Mais il y a dès lors une nouvelle question qui s’élève : c’est de savoir s’il convient à un peuple vertueux de se réjouir de l’agrandissement de son empire. La cause, en effet, ne saurait en être que dans l’injustice de ses voisins qui en l’attaquant sans raison lui ont donné occasion de s’agrandir justement par la guerre. Supposez, en effet, qu’entre tous les peuples voisins régnassent la justice et la paix, tout État serait de peu d’étendue, et au sein de cette médiocrité et de ce repos universels les divers États seraient dans le monde ce que sont les diverses familles dans la cité. Ainsi la guerre et les conquêtes, qui sont un bonheur pour les méchants, sont pour les bons une nécessité. Toutefois, comme le mal serait plus grand si les auteurs d’une agression injuste réussissaient à subjuguer ceux qui ont eu à la subir, on a raison de regarder la victoire des bons comme une chose heureuse ; mais cela n’empêche pas que le bonheur ne soit plus grand de vivre en paix avec un bon voisin que d’être obligé d’en subjuguer un mauvais. Car il est d’un méchant de souhaiter un sujet de haine ou de crainte pour avoir un sujet de victoire. Si donc ce n’est que par des guerres justes et légitimes que les Romains sont parvenus à posséder un si vaste empire, je leur propose une nouvelle déesse à adorer : c’est l’Injustice des nations étrangères, qui a si fort contribué à leur grandeur par le soin qu’elle a pris de leur susciter d’injustes ennemis, à qui ils pouvaient faire justement et avantageusement la guerre. Et pourquoi l’Injustice ne serait-elle pas une déesse, et une déesse étrangère, puisque la Crainte, la Pâleur et la Fièvre sont au rang des divinités romaines ? C’est donc à ces deux déesses, l’Injustice étrangère et la Victoire, qu’il convient d’attribuer la grandeur des Romains, l’une pour leur avoir donné des sujets de guerres, l’autre pour les avoir heureusement terminées sans que Jupiter ait eu la peine de s’en mêler. Quelle part en effet pourrait-on lui attribuer, du moment où les faveurs qui seraient réputées venir de lui sont elles-mêmes prises pour des divinités, et sont honorées et invoquées comme telles ? Il y aurait part s’il s’appelait Empire, comme l’autre s’appelle Victoire.
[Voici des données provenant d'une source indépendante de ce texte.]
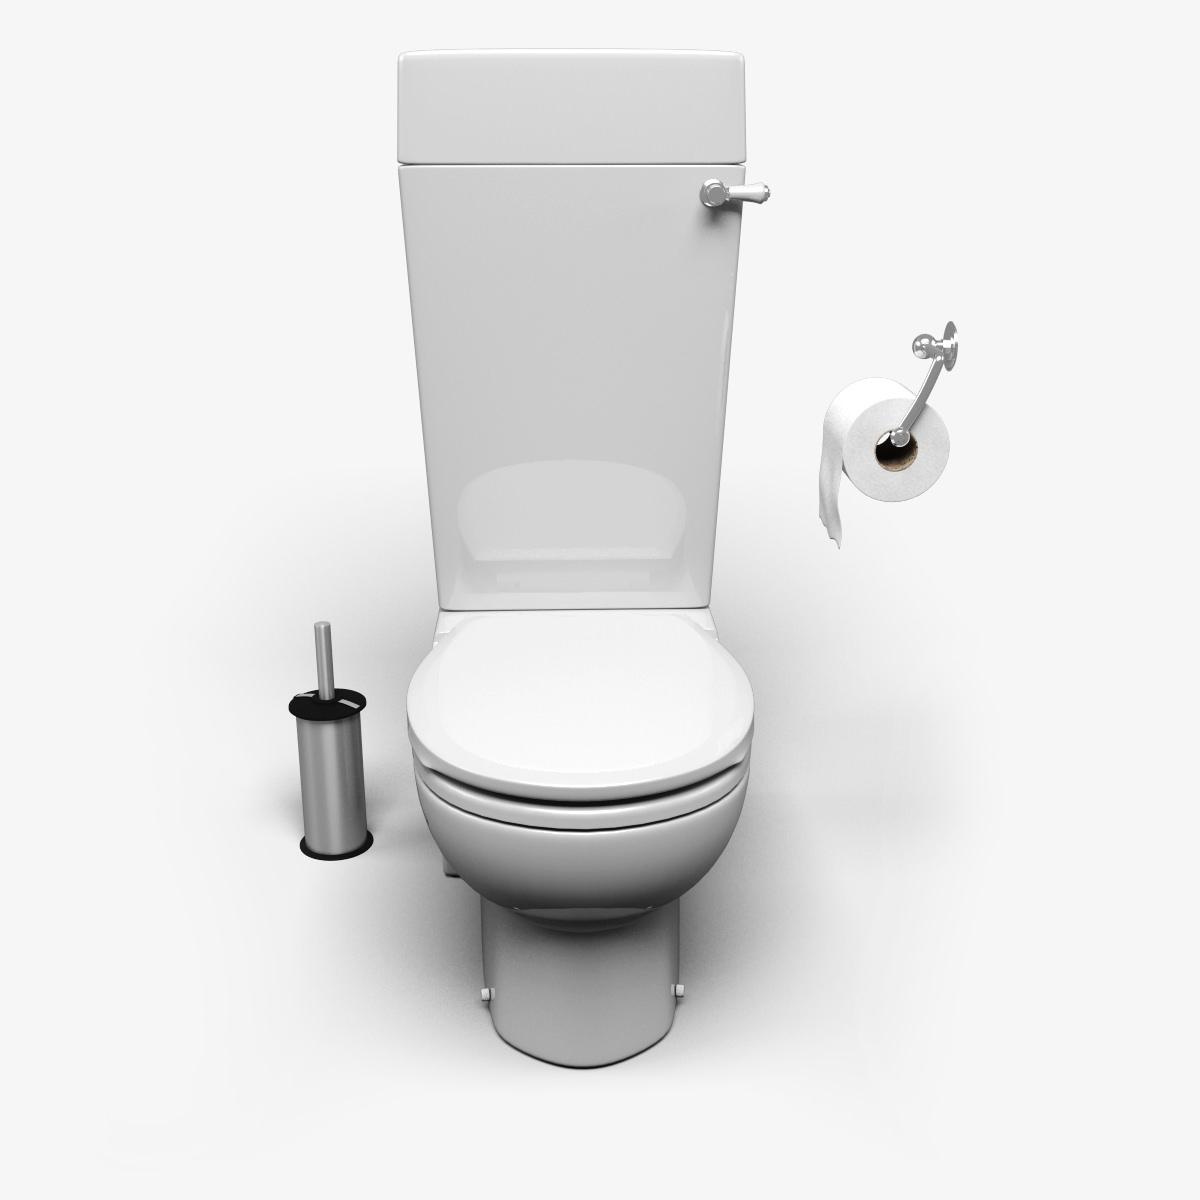 Toilet 3d model max obj fbx - Toilet model ...

Or, si l’on dit que l’empire est un présent de Jupiter, pourquoi la victoire n’en serait-elle pas un aussi ? Et certes elle en serait un en effet, si au lieu d’adorer une pierre au Capitole, on reconnaissait et on adorait le Roi des rois et le Seigneur des seigneurs[1].

CHAPITRE XVI.
POURQUOI LES ROMAINS, QUI ATTACHAIENT UNE DIVINITÉ À TOUS LES OBJETS EXTÉRIEURS ET À TOUTES LES PASSIONS DE L’ÂME, AVAIENT PLACÉ HORS DE LA VILLE LE TEMPLE DU REPOS.

Je suis fort surpris que les Romains, qui affectaient une divinité à chaque objet et presque à chaque mouvement de l’âme, et qui avaient bâti des temples dans la ville à la déesse Agenoria, qui nous fait agir, à la déesse Stimula, qui nous stimule aux actions excessives, à la déesse Murcia, qui, tout au contraire, au lieu de nous exciter, nous rend, dit Pomponius, mous et languissants[2], à la déesse Strenia, qui nous donne de la résolution ; je m’étonne, dis-je, qu’ils n’aient pas voulu

  1. Apoc. xix, 16.
  2. Il y a ici un rapport intraduisible dans les mots. La déesse Murcia, dit saint Augustin d’après Pomponius, rend l’homme murcidus c’est-à-dire mou et languissant. Quel est ce Pomponius ? on l’ignore.